The answer must consist solely of the lines from the line with "可愛らしいオープニングジングルの再生済みの波形" to the final line of the data below, reproduced exactly, pictures omitted.

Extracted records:
——

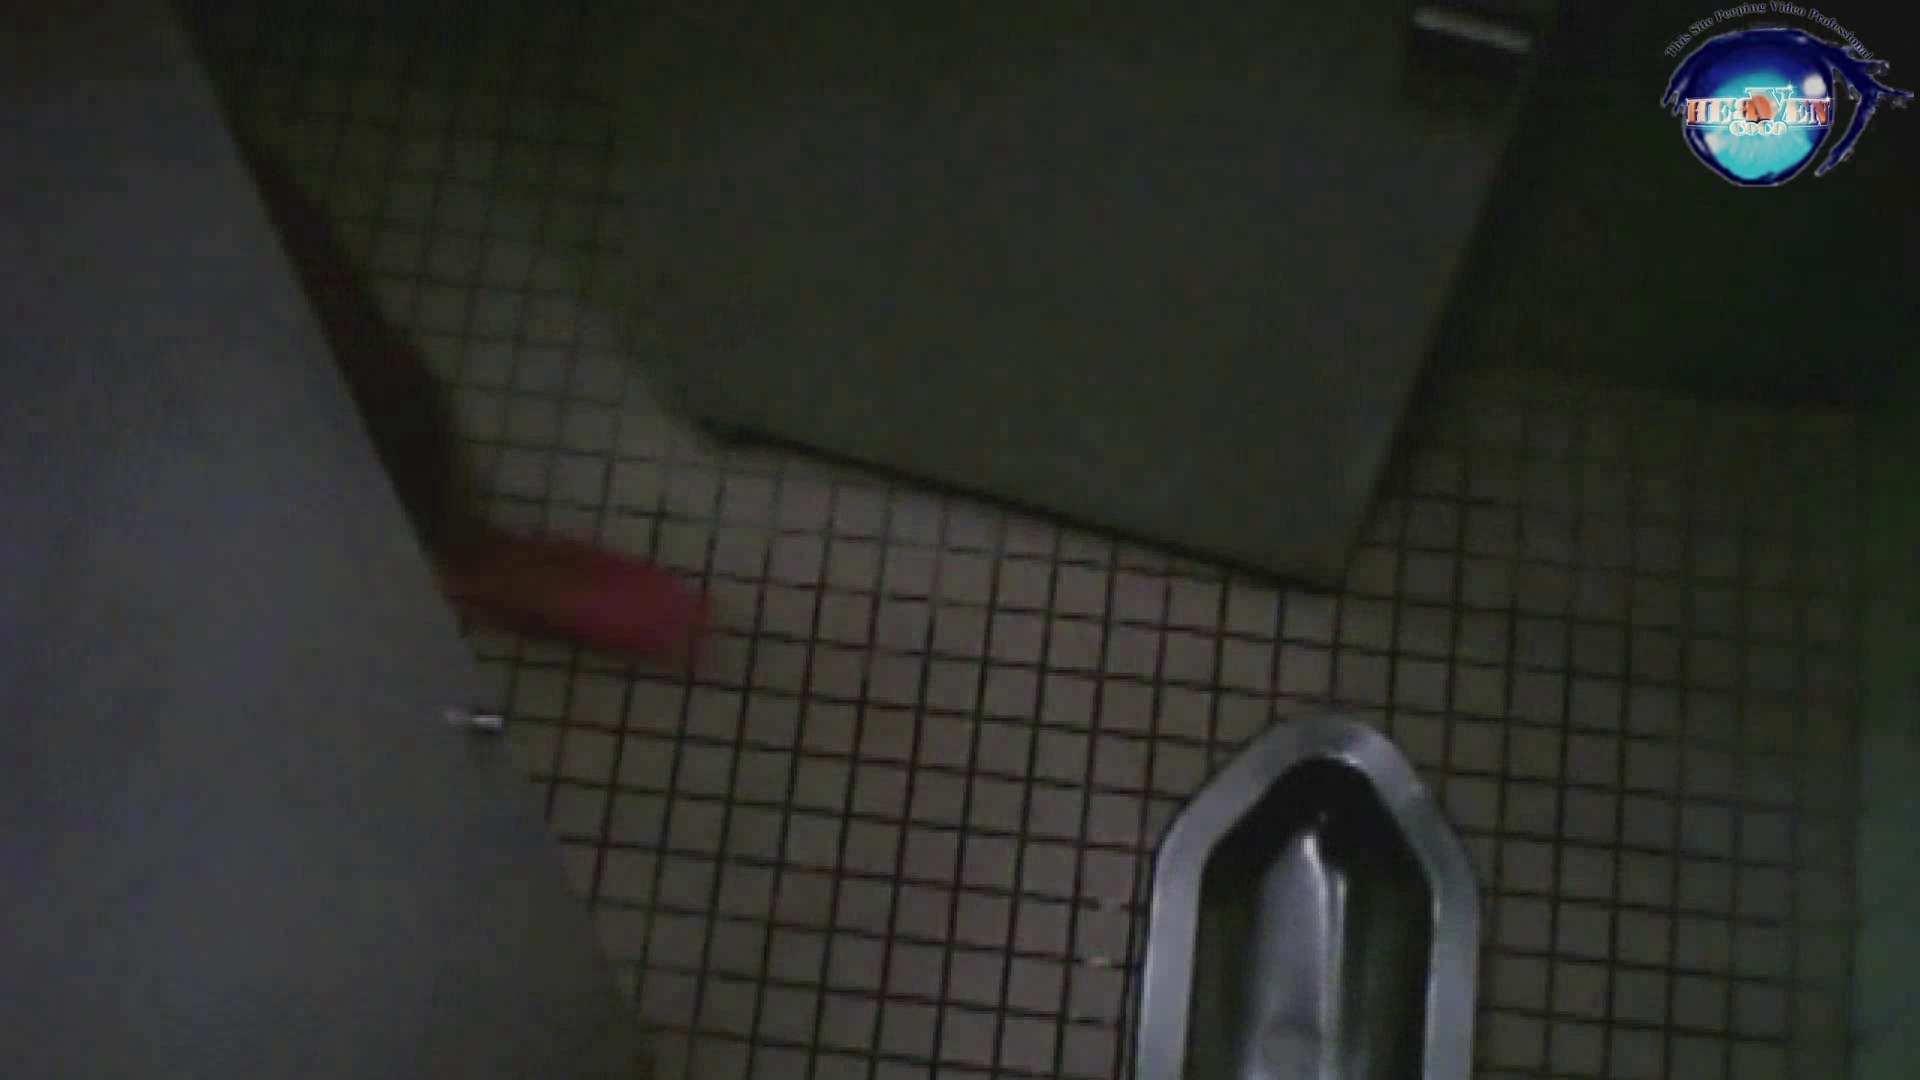 水泳大会選手の聖水 vol.09 トイレ突入 | 厠隠し撮り  85pic 61
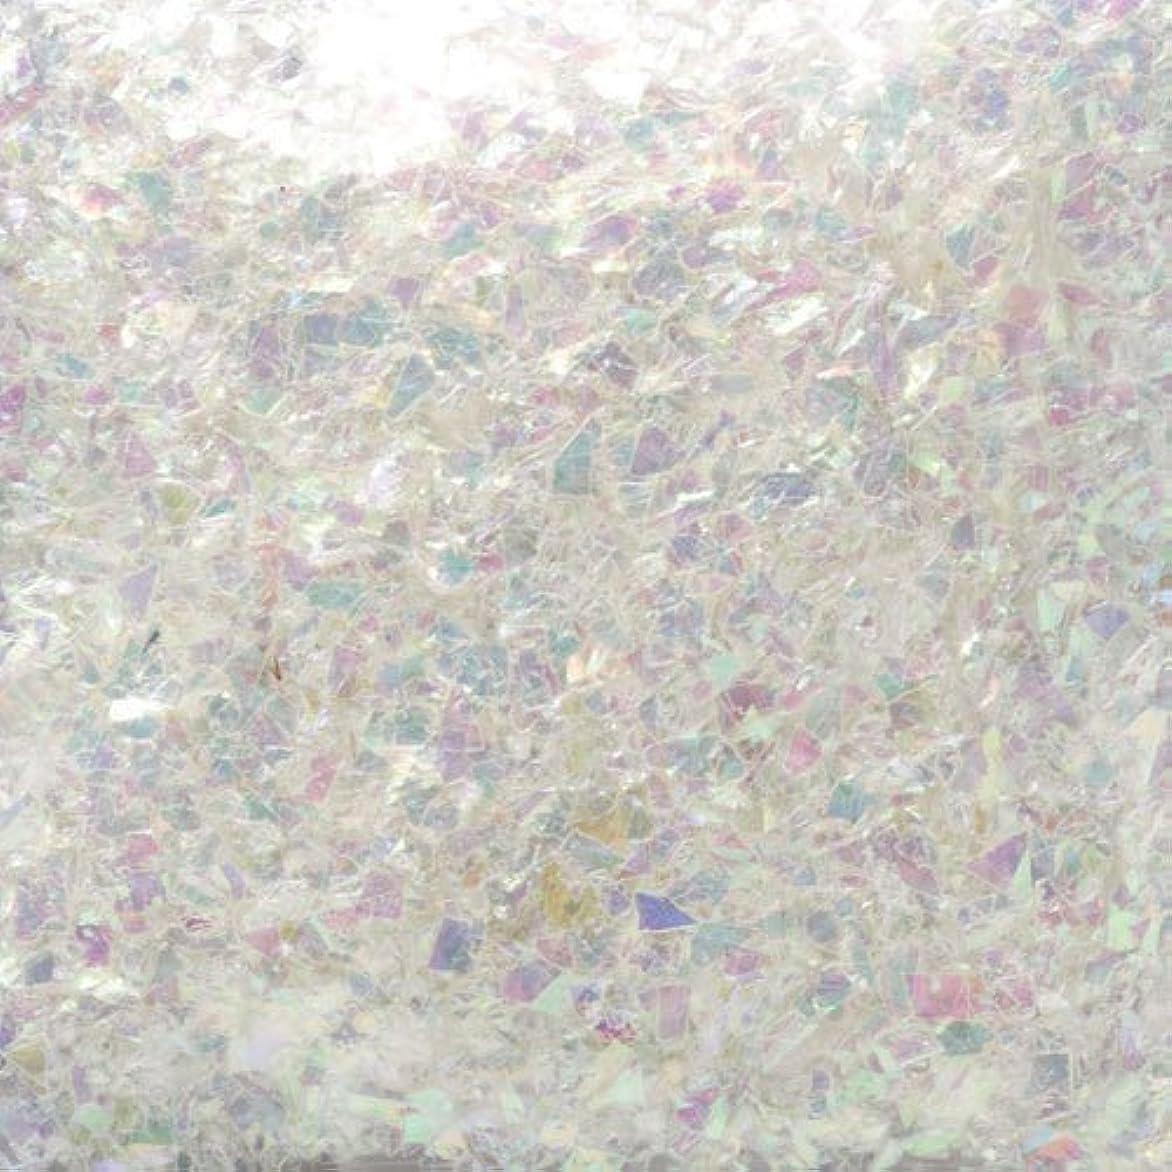 下向きワーカースチュワードピカエース ネイル用パウダー ピカエース 乱切オーロラ #710 ホワイト 1g アート材
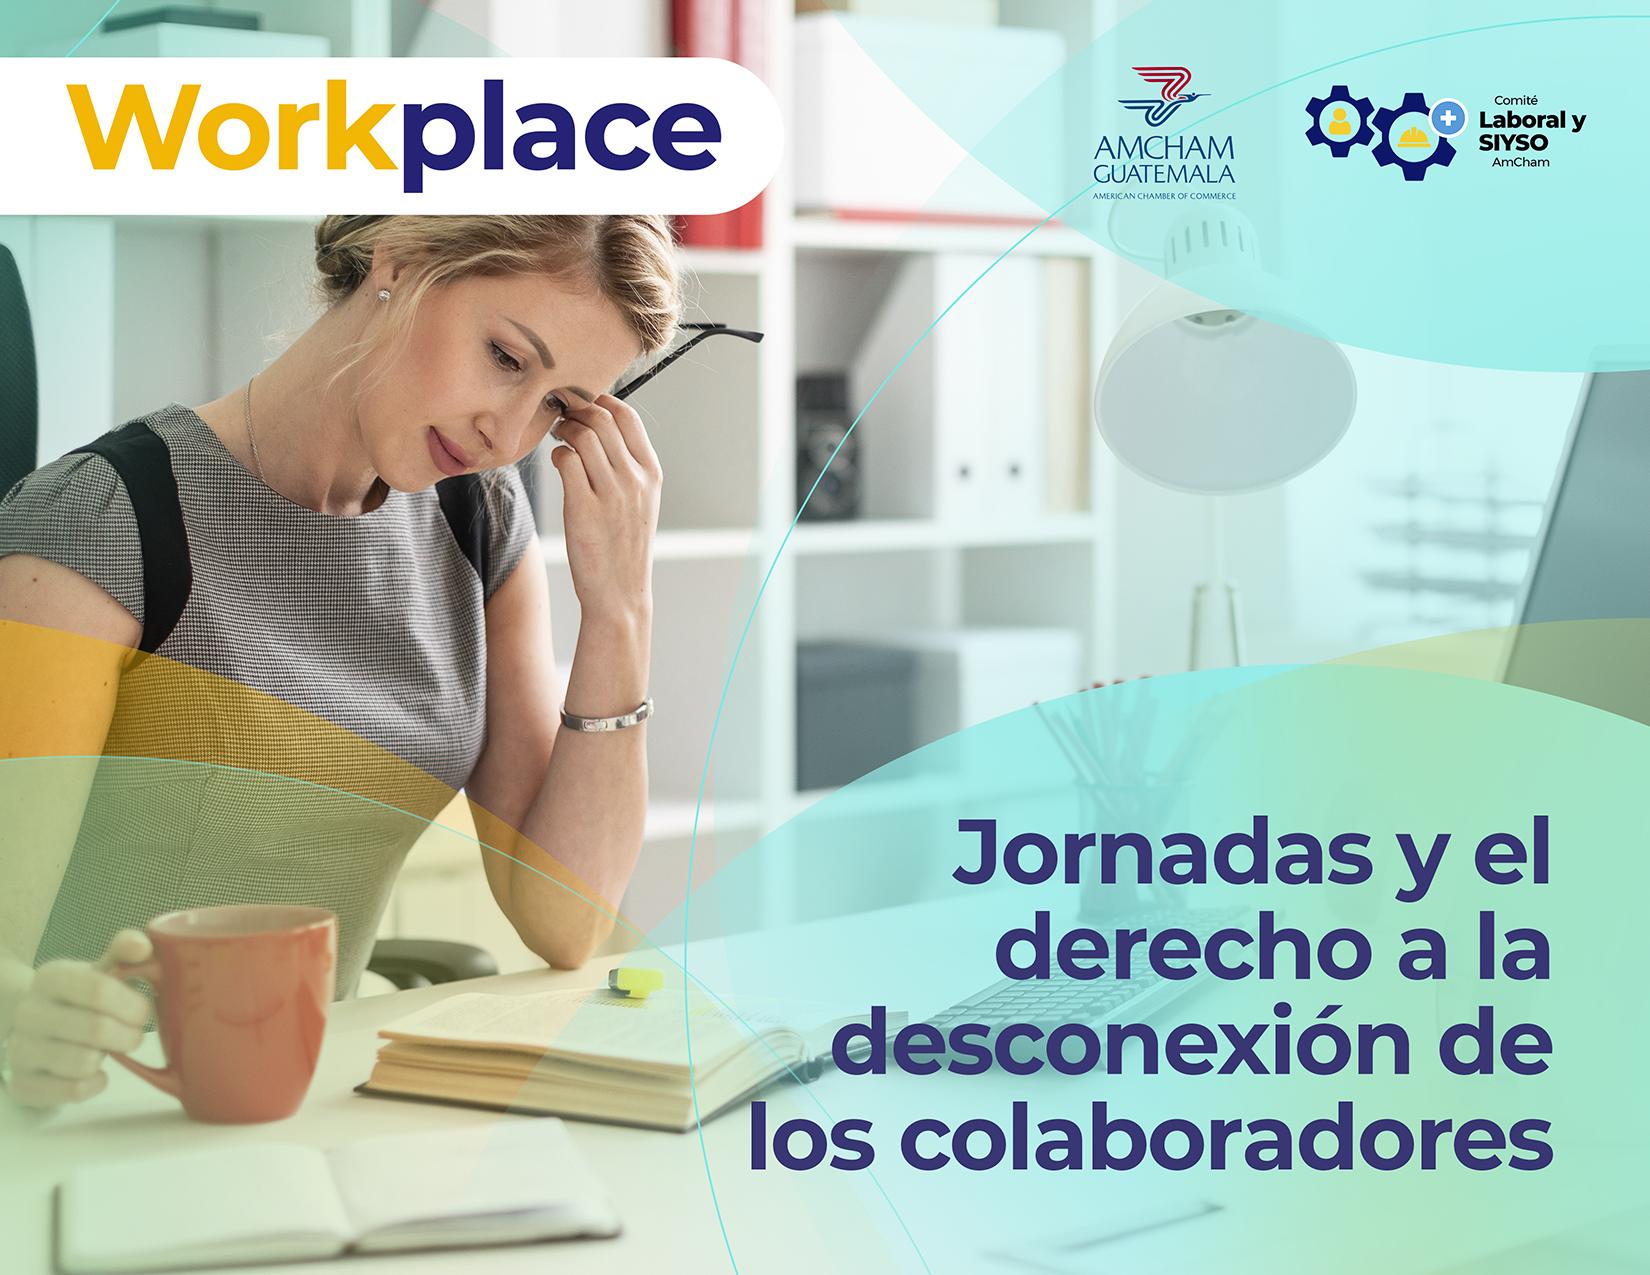 Boletín Workplace julio 2021
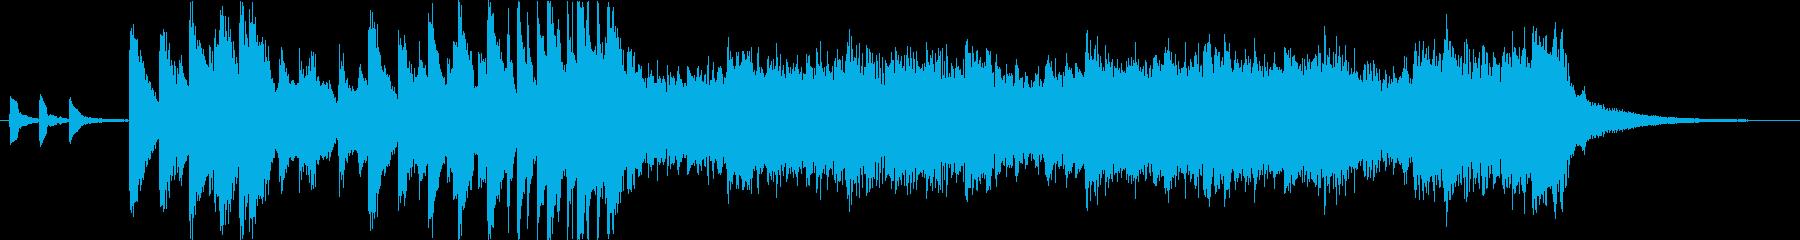 可愛らしいオープニングジングルの再生済みの波形
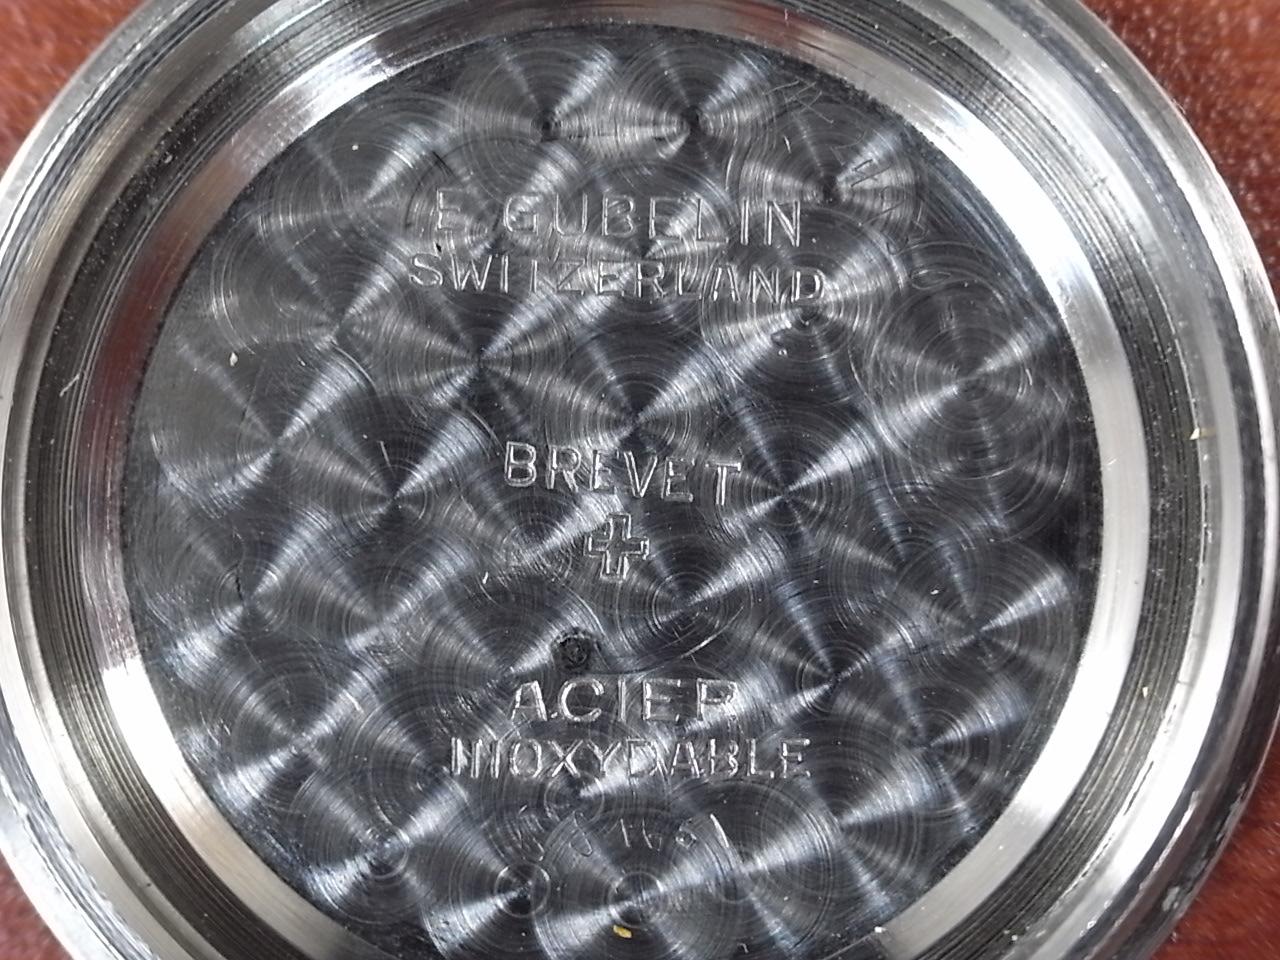 ギュブラン スイス高級宝飾店 ブラックミラー ボーイズ スクリューバック 1940年代の写真6枚目

——

**Output of the task:**
 可愛らしいオープニングジングルの再生済みの波形
 ギュブラン スイス高級宝飾店 ブラックミラー ボーイズ スクリューバック 1940年代の写真6枚目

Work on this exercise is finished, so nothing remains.